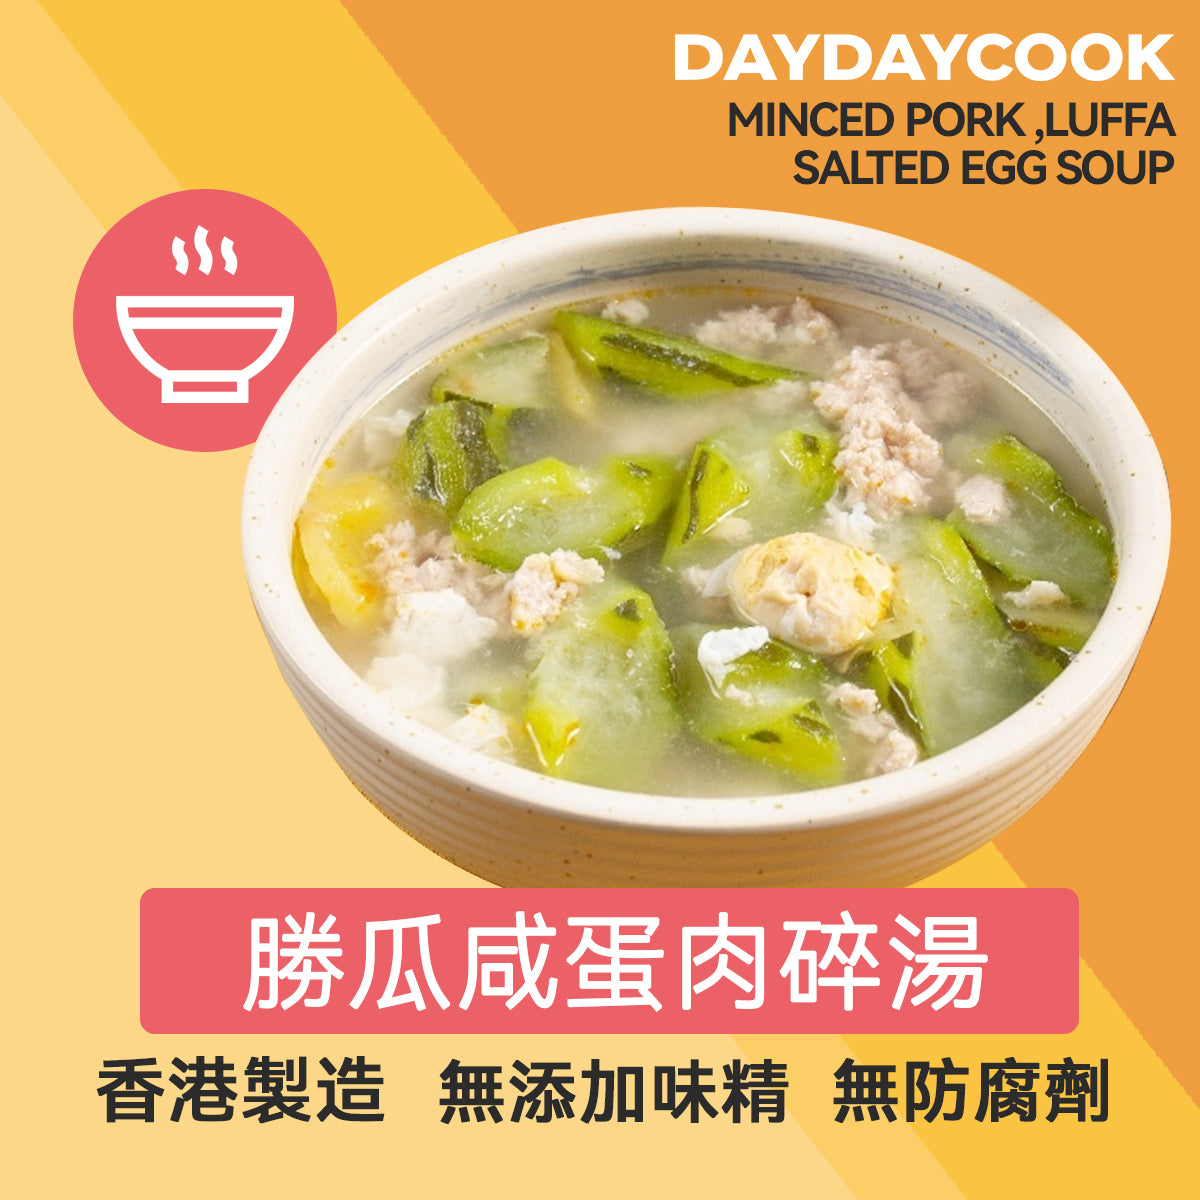 Minced Pork and Luffa Salted Egg Soup
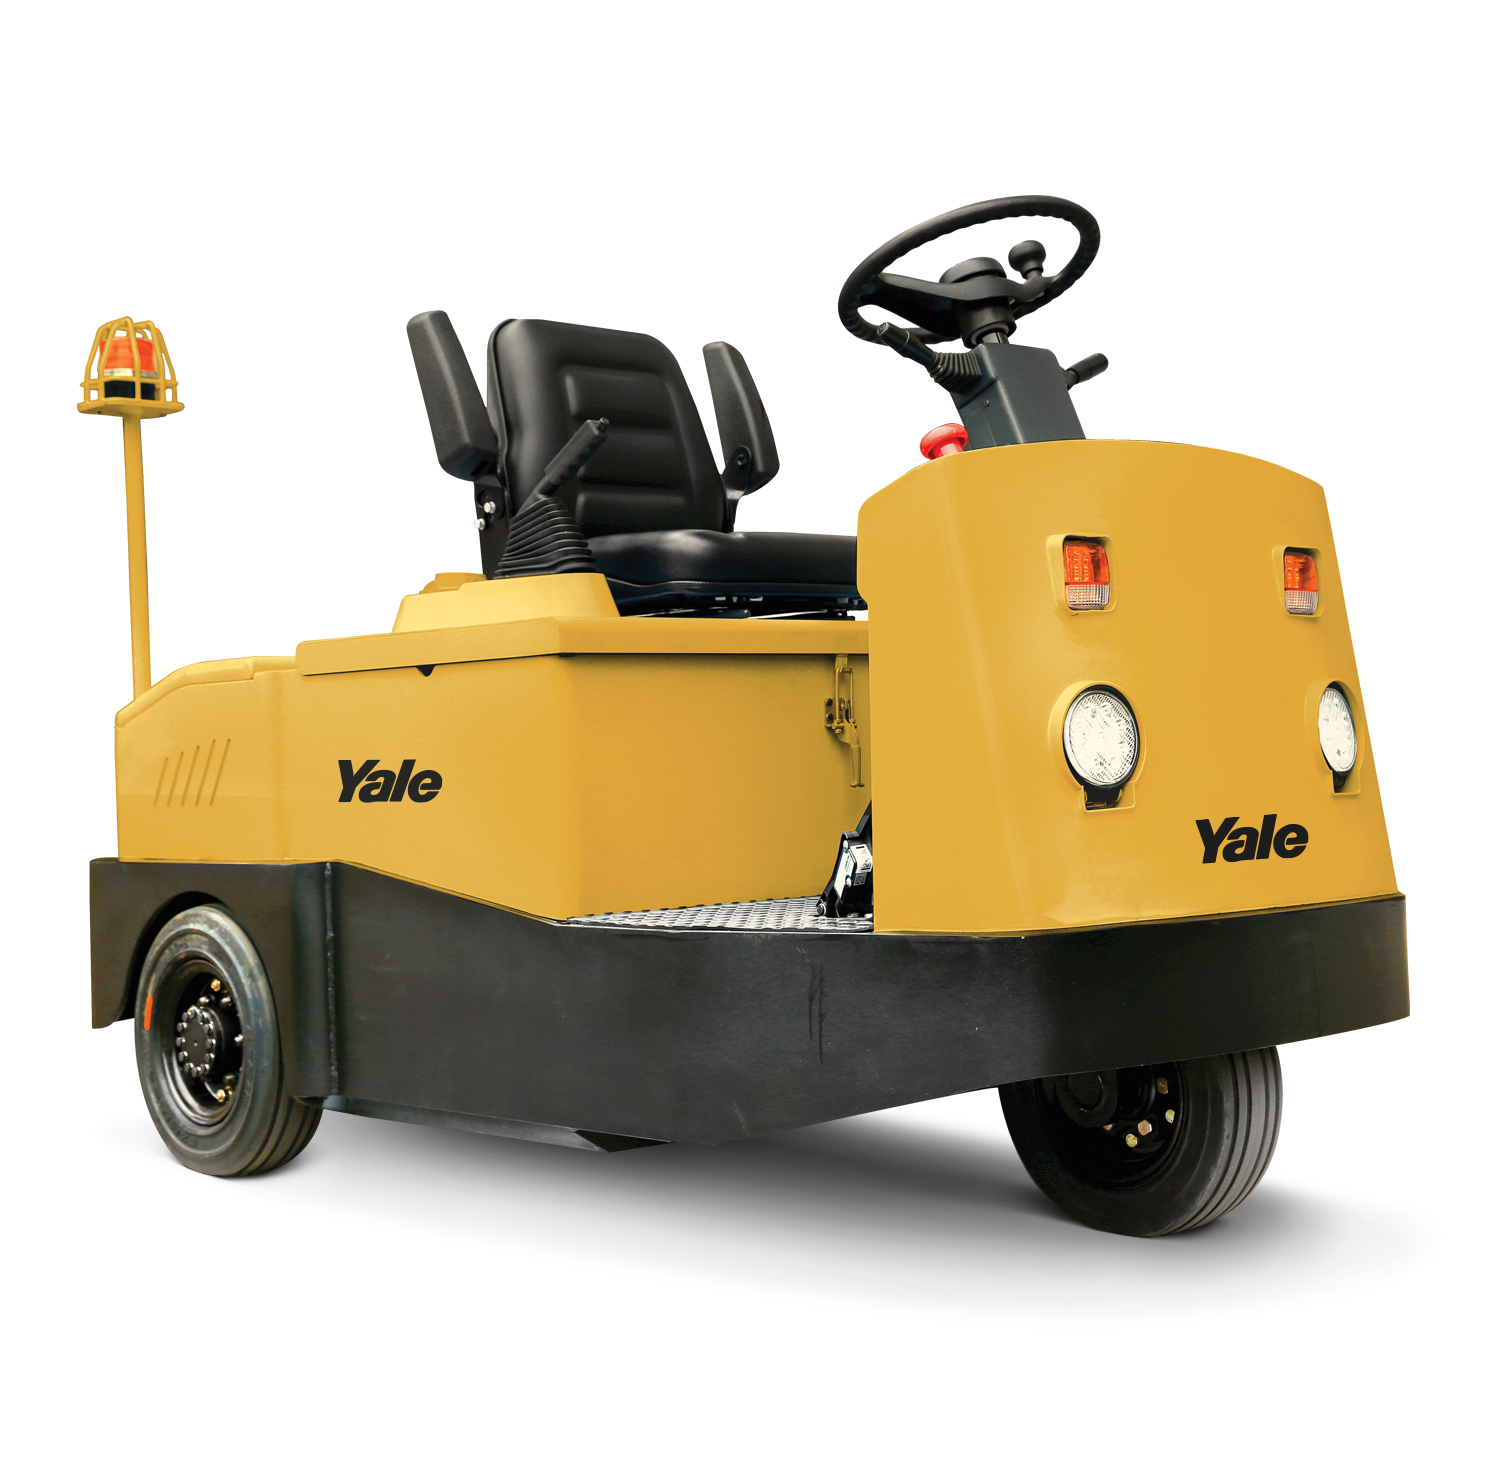 Sit down electric tow tractor by Yale
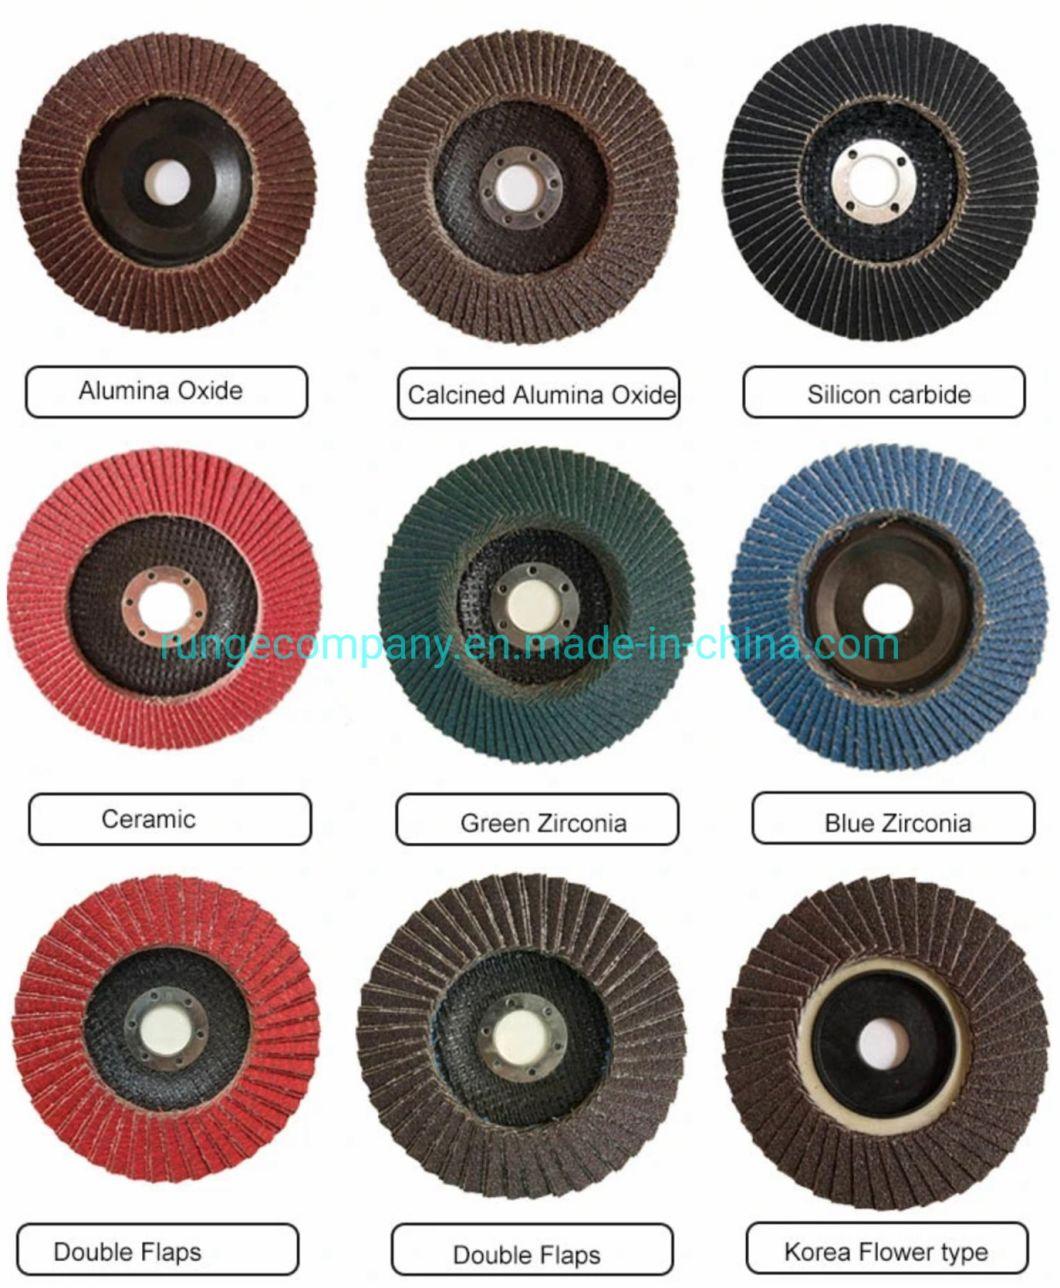 Power Electric Tools Accessories 14" X 1/8" Cutting Discs for Steel Structural Steel Rebar Iron Pipe
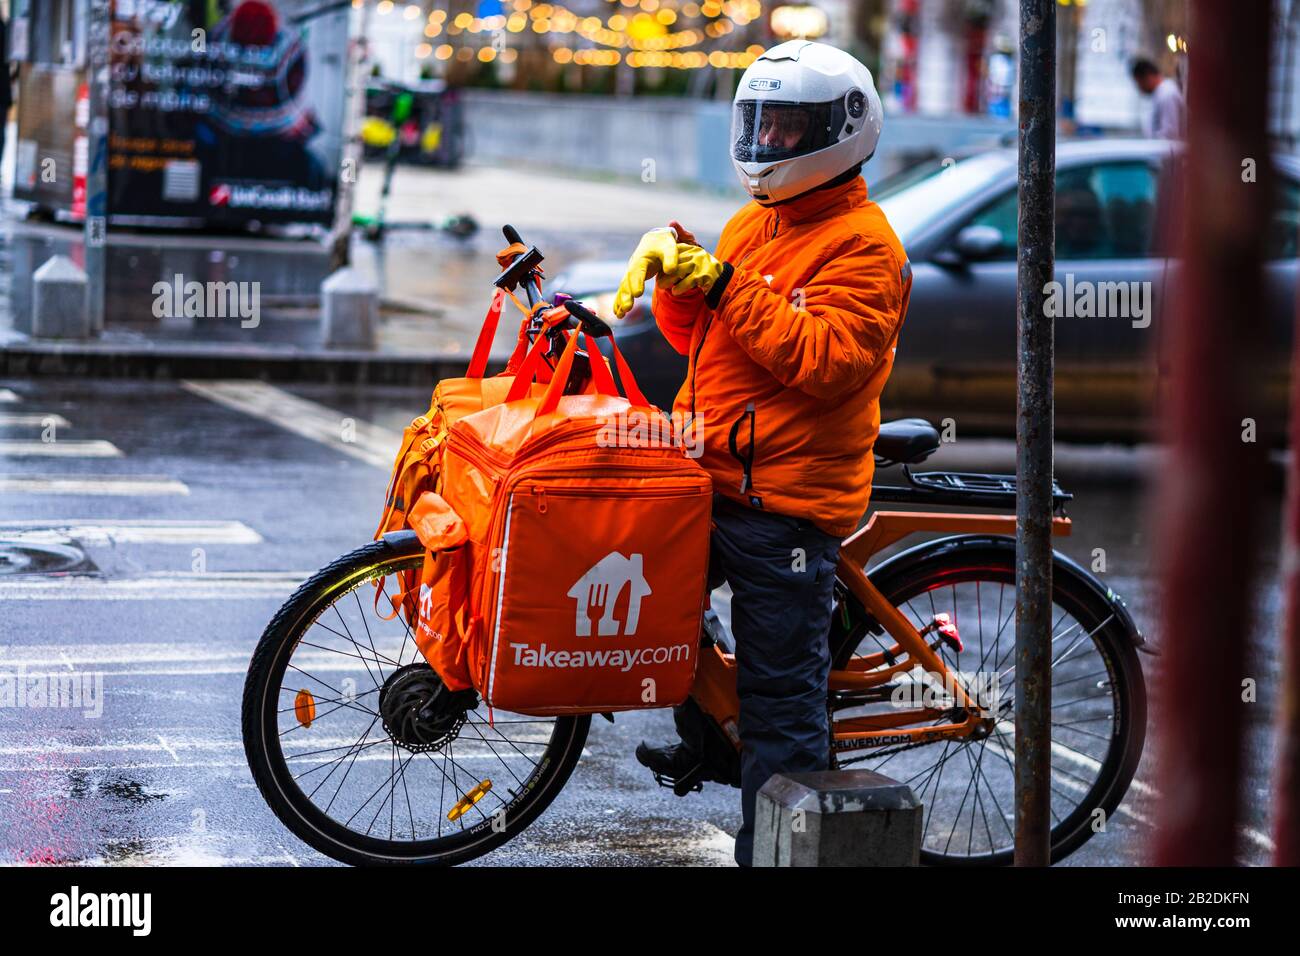 Young man on an electric bike with takeaway.com logo delivering food during a rainy day in Bucharest, Romania, 2020 Stock Photo
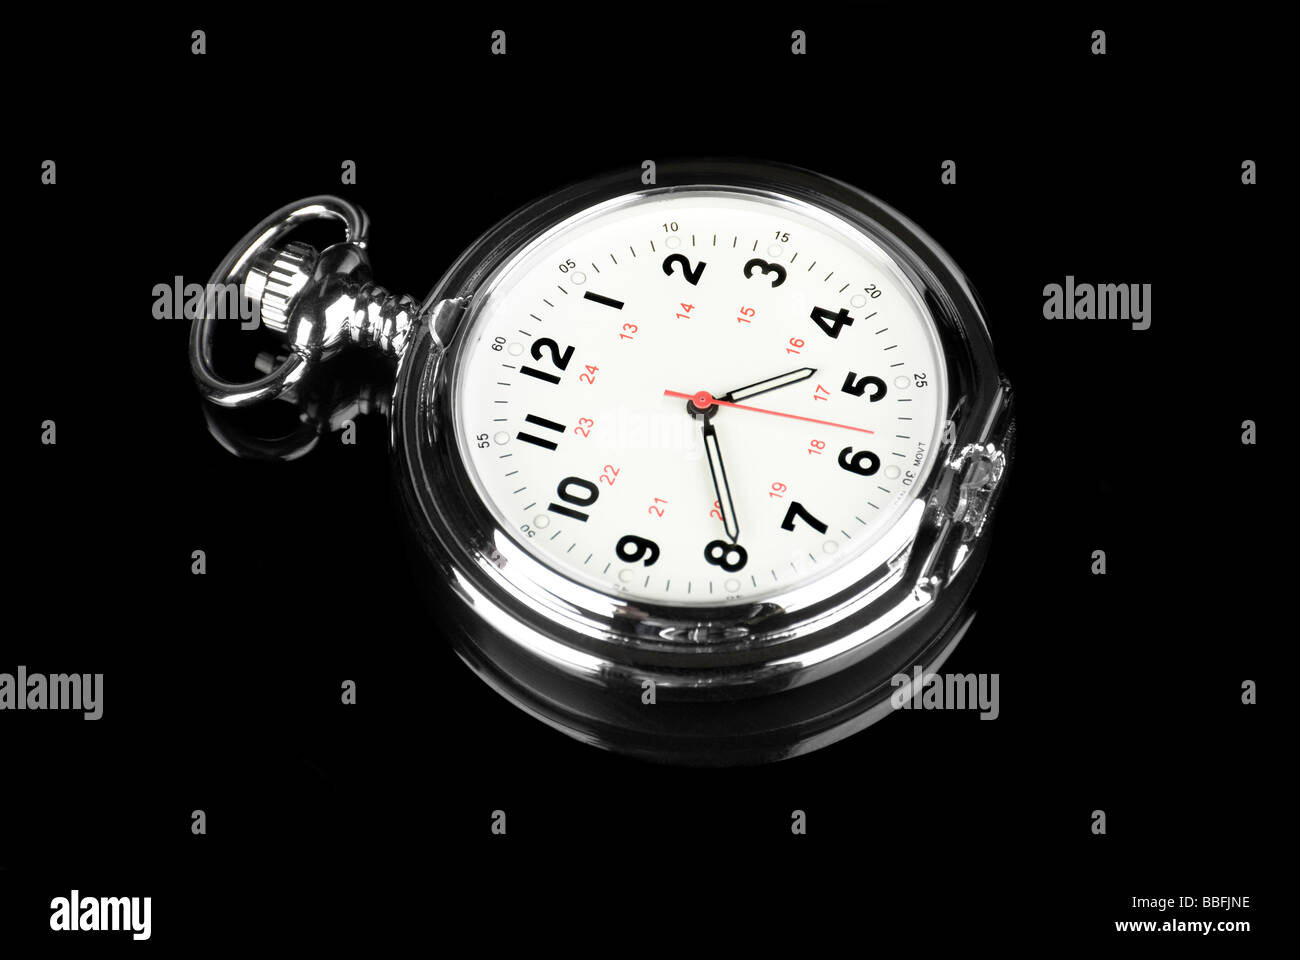 A pocket watch on a reflective black background shows it elegance and style Stock Photo

-=-=-=-=-

Repeat exactly the lines from the first line of the records above through the line containing "Young man on", both included. Leave out the pictures.

## COMPLETED EXERCISE
 Minced Pork and Luffa Salted Egg Soup
 Sit down electric tow tractor by Yale
 Power Electric Tools Accessories 14" X 1/8" Cutting Discs for Steel Structural Steel Rebar Iron Pipe
 Young man on an electric bike with takeaway.com logo delivering food during a rainy day in Bucharest, Romania, 2020 Stock Photo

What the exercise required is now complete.